Question

(a) write the equation in slope-intercept form, and determine the slope and y-intercept.
(b) graph the equation using the slope and y-intercept.
$-x - 4y = 4$
part: 0 / 2
part 1 of 2
the slope is $\square$
the y-intercept is $(\square, \square)$
the equation written in slope-intercept form is $\square$

Explanation:

Step 1: Recall slope - intercept form

The slope - intercept form of a linear equation is $y = mx + b$, where $m$ is the slope and $b$ is the $y$ - intercept (the point where the line crosses the $y$ - axis, and its coordinates are $(0,b)$).
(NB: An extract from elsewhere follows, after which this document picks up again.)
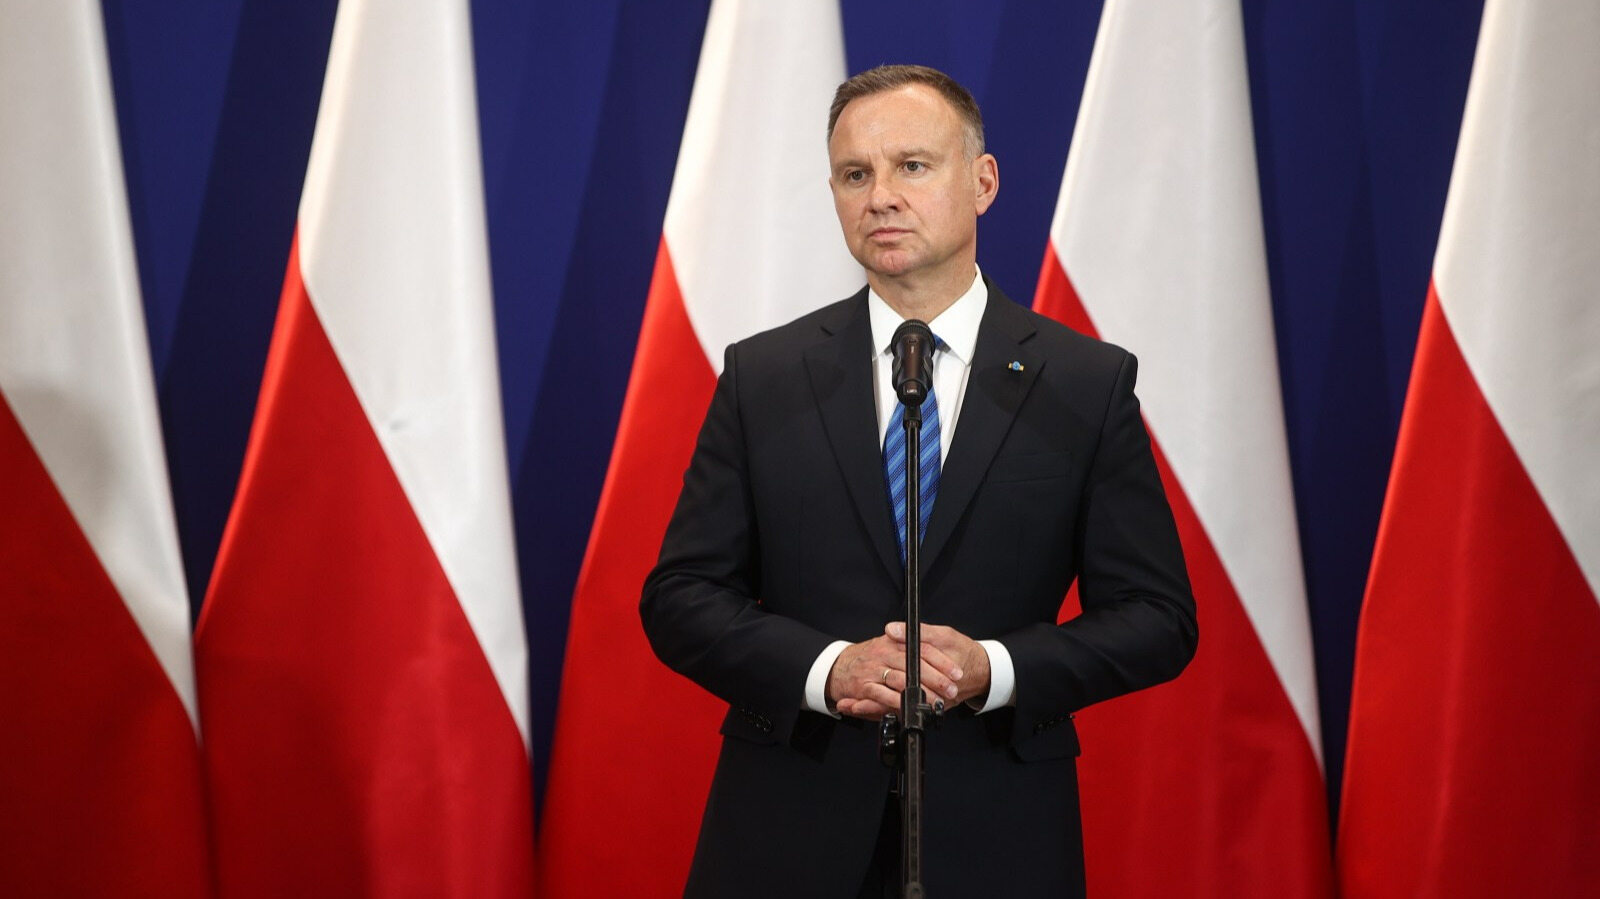 It's time for the parliamentary elections.  Andrzej Duda posted a meaningful entry

We need to rewrite the given equation $-x - 4y=4$ in this form.
First, we want to solve the equation for $y$.
Start with the original equation: $-x - 4y = 4$.
Add $x$ to both sides of the equation: $-4y=x + 4$.

Step 2: Solve for y

Divide each term in the equation $-4y=x + 4$ by $-4$ to isolate $y$.
$y=\frac{x}{-4}+\frac{4}{-4}$.
Simplify the fractions: $y=-\frac{1}{4}x - 1$.
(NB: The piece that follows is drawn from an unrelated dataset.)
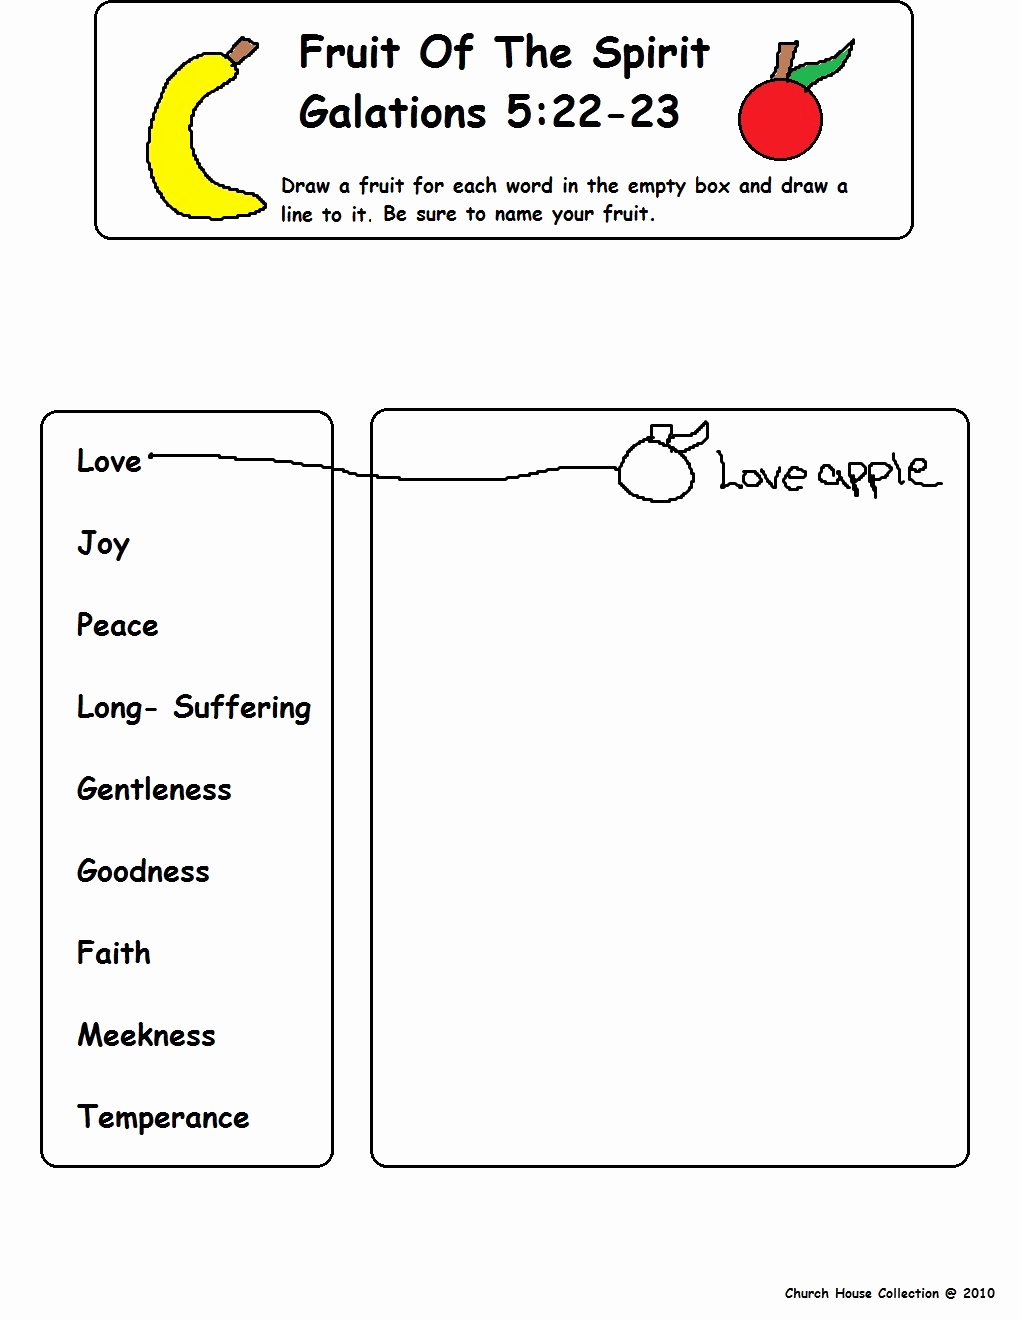 Fruits Of the Spirit Worksheets Best Of Fruit Of the Spirit Sunday School Lesson

Step 3: Identify the slope and y - intercept

Now that the equation is in slope - intercept form $y = mx + b$, we can identify the slope $m$ and the $y$ - intercept $b$.
For the equation $y=-\frac{1}{4}x - 1$, the slope $m = -\frac{1}{4}$ and the $y$ - intercept $b=-1$. The $y$ - intercept as a point is $(0, - 1)$ because when $x = 0$, $y=-1$.

Answer:

The equation written in slope - intercept form is $y=-\frac{1}{4}x - 1$.
The slope is $-\frac{1}{4}$.
The $y$ - intercept is $(0,-1)$.